True Strength Index (TSI)

Parameters: long_period = 25 | short_period = 13

Overview

The True Strength Index (TSI) normalizes momentum by comparing smoothed price changes to smoothed absolute price changes, producing a bounded oscillator that reveals both trend direction and strength. The calculation begins with period-to-period price momentum, which undergoes double exponential smoothing using first a long period and then a short period. Simultaneously, the absolute value of momentum receives identical double smoothing. Dividing the smoothed momentum by smoothed absolute momentum and multiplying by 100 yields TSI values typically ranging from -100 to +100. This normalization technique makes TSI less susceptible to extreme price movements compared to raw momentum oscillators. Traders interpret positive TSI values as bullish momentum and negative values as bearish momentum, with the magnitude indicating strength.
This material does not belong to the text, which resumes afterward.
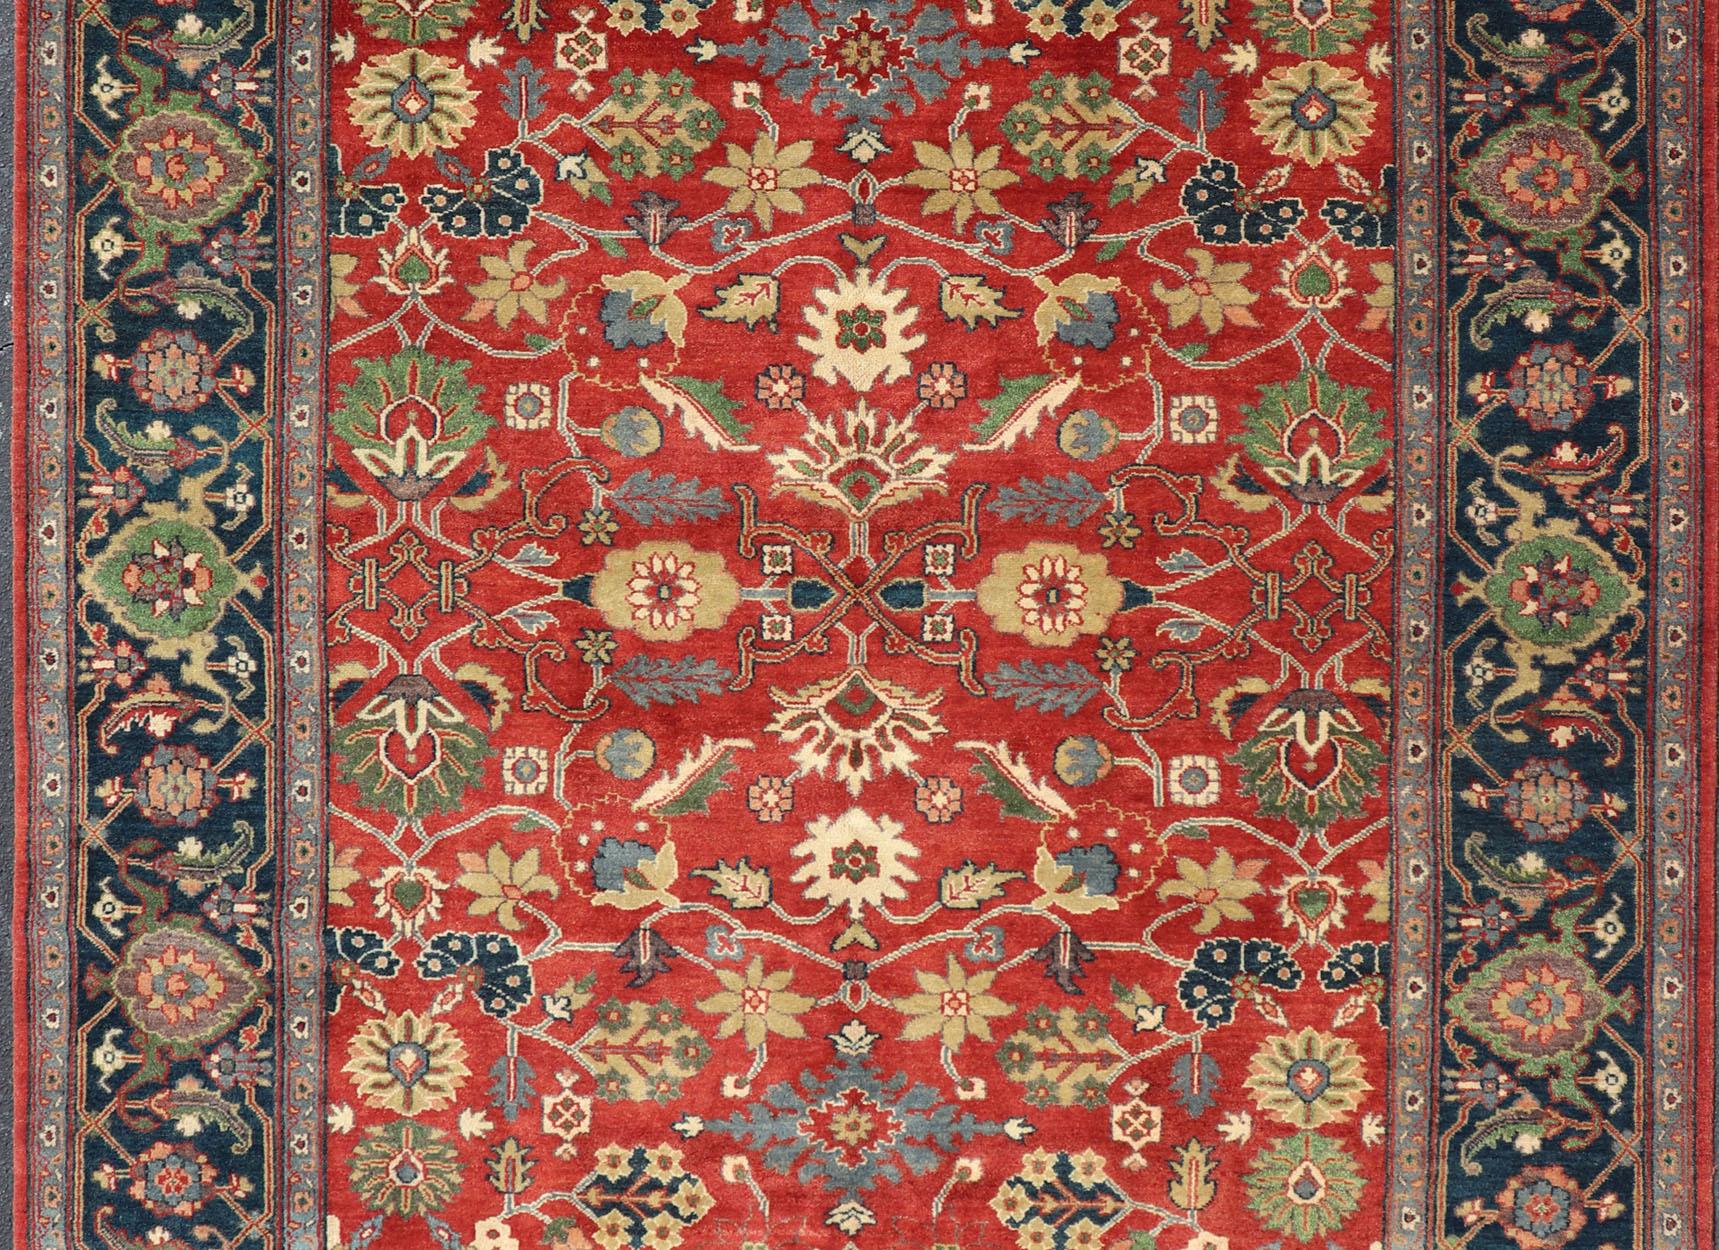 Reproduction Sultanabad-Mahal All-over Floral Hand-Knotted Carpet  8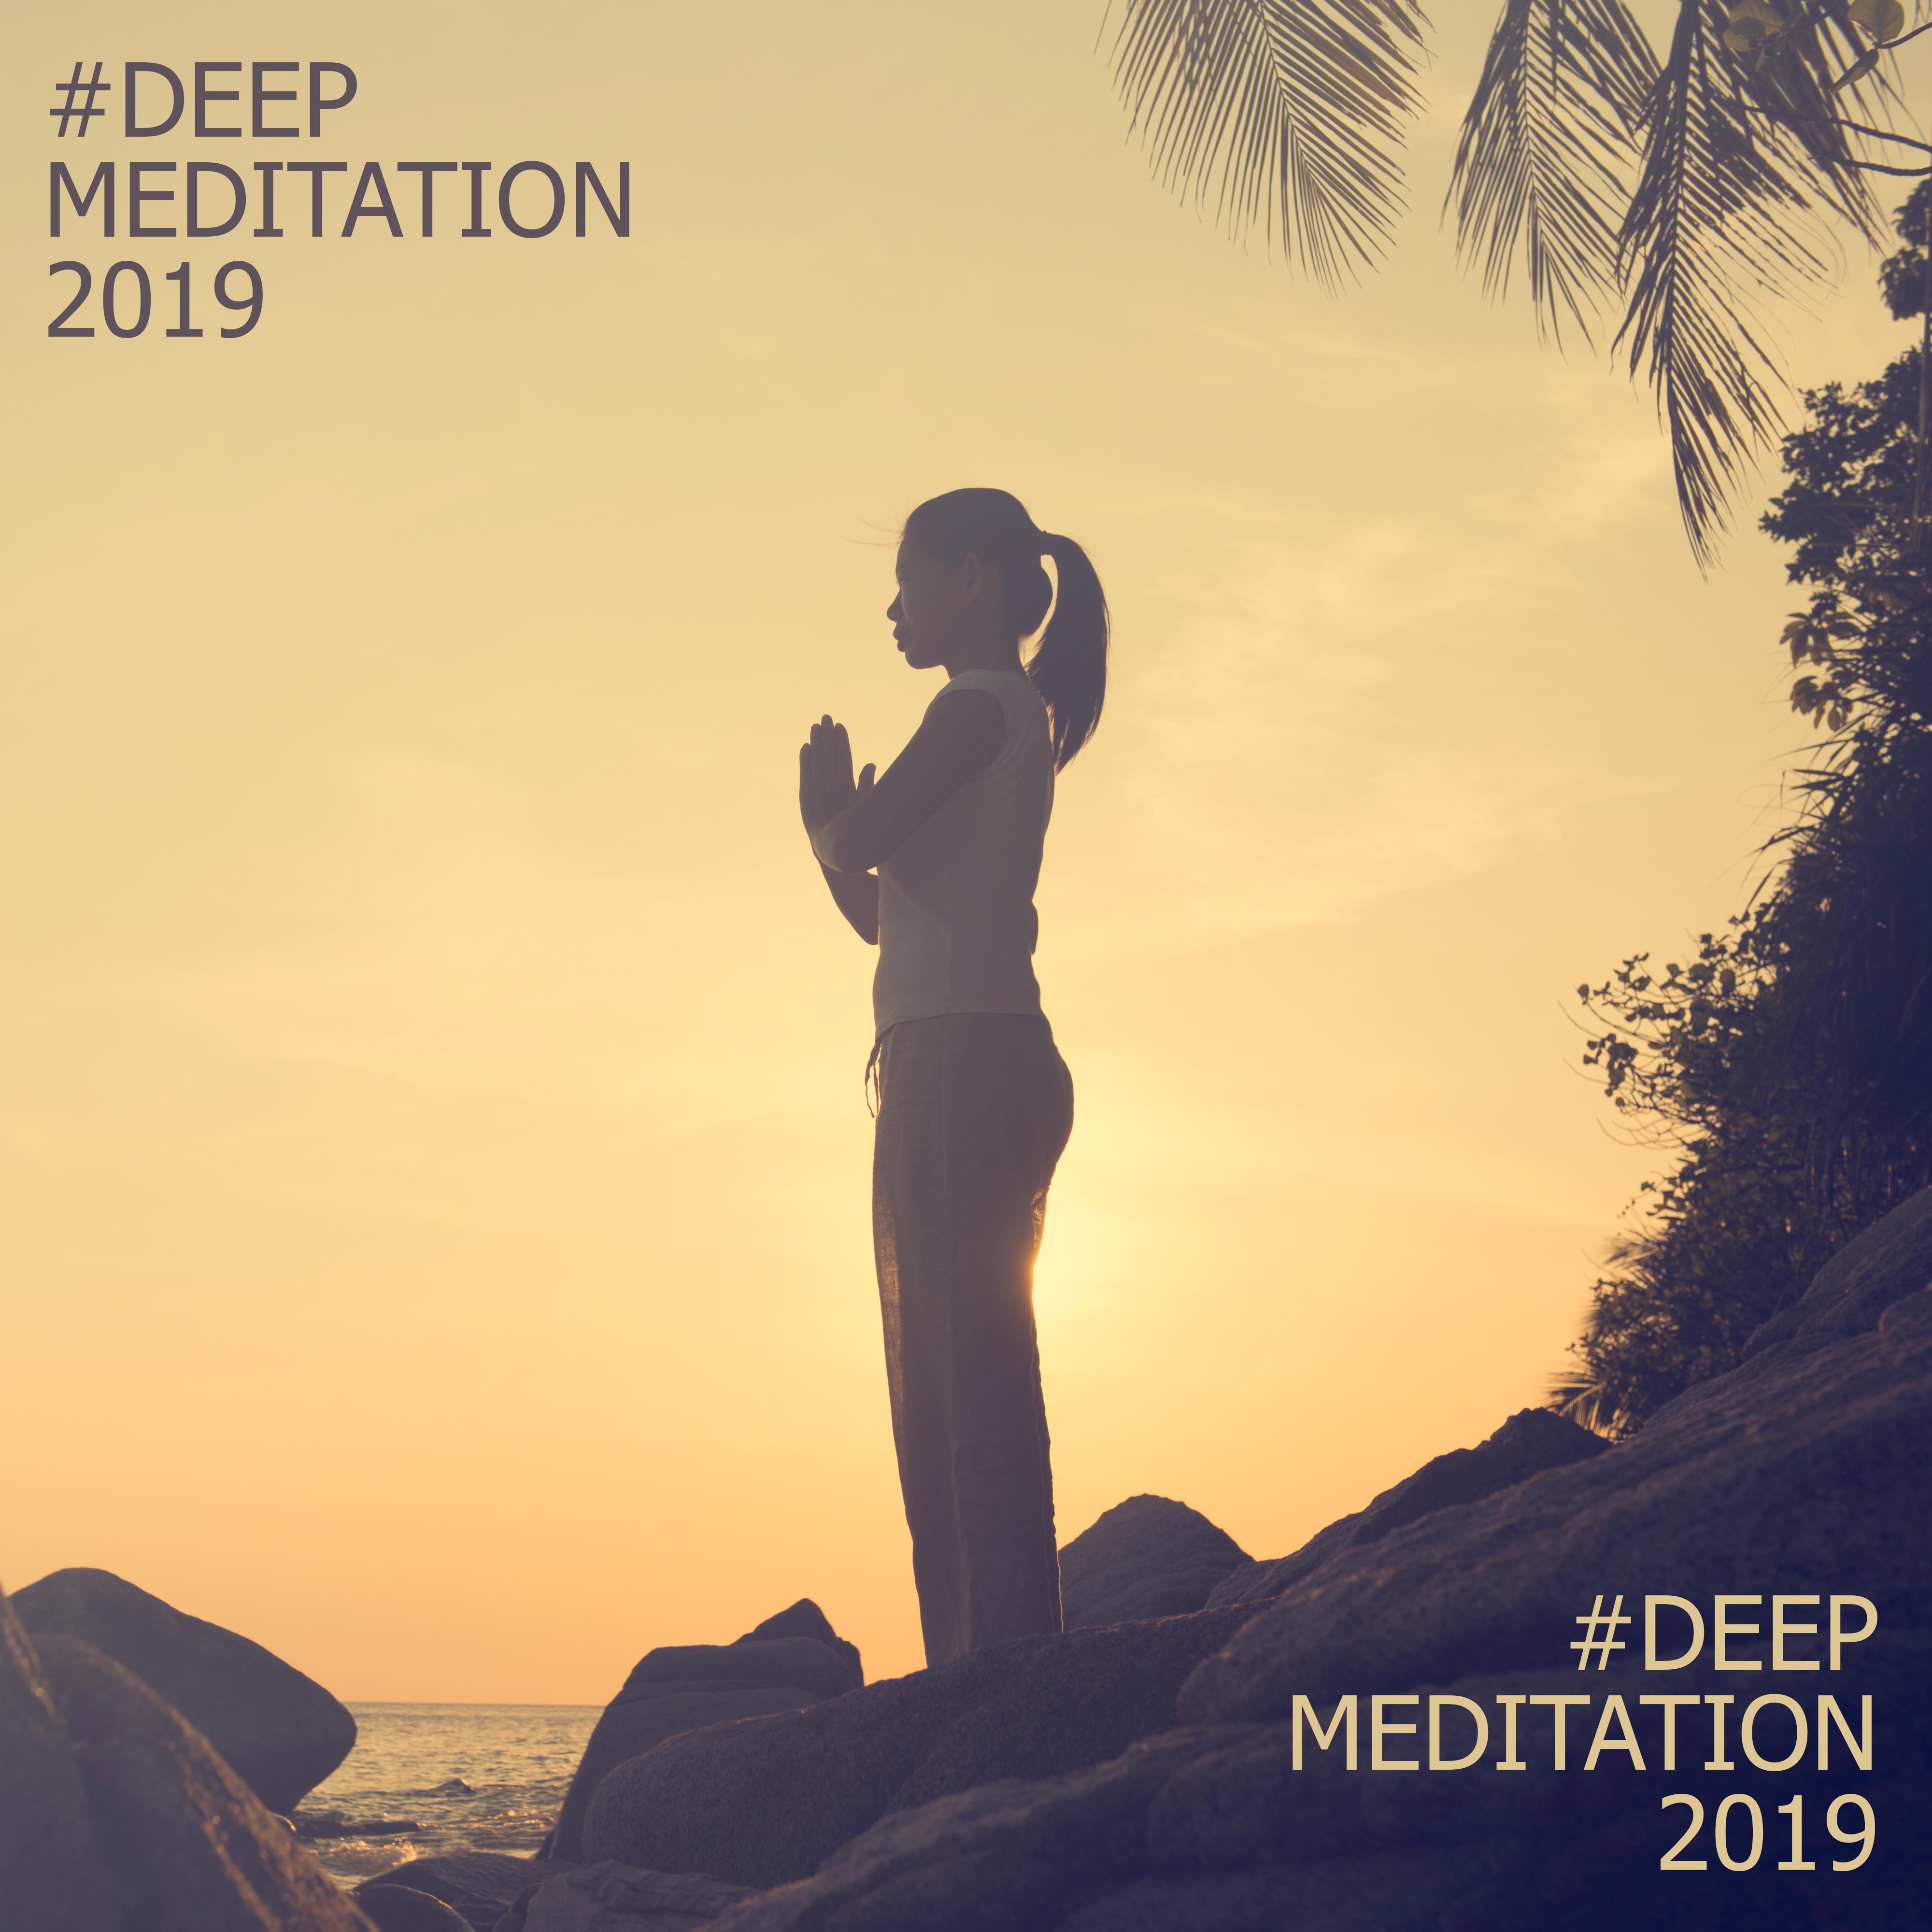 #Deep Meditation 2019 – Meditation Music Zone, Yoga Chill, Inner Harmony, Meditation Therapy, Calming Songs for Full Concentration

Crossovers of the zero centerline signal momentum regime changes, while divergences between TSI and price often foreshadow reversals. The default parameters of 25 and 13 periods provide smooth signals suitable for swing trading, though day traders often shorten both periods for increased responsiveness to intraday momentum shifts.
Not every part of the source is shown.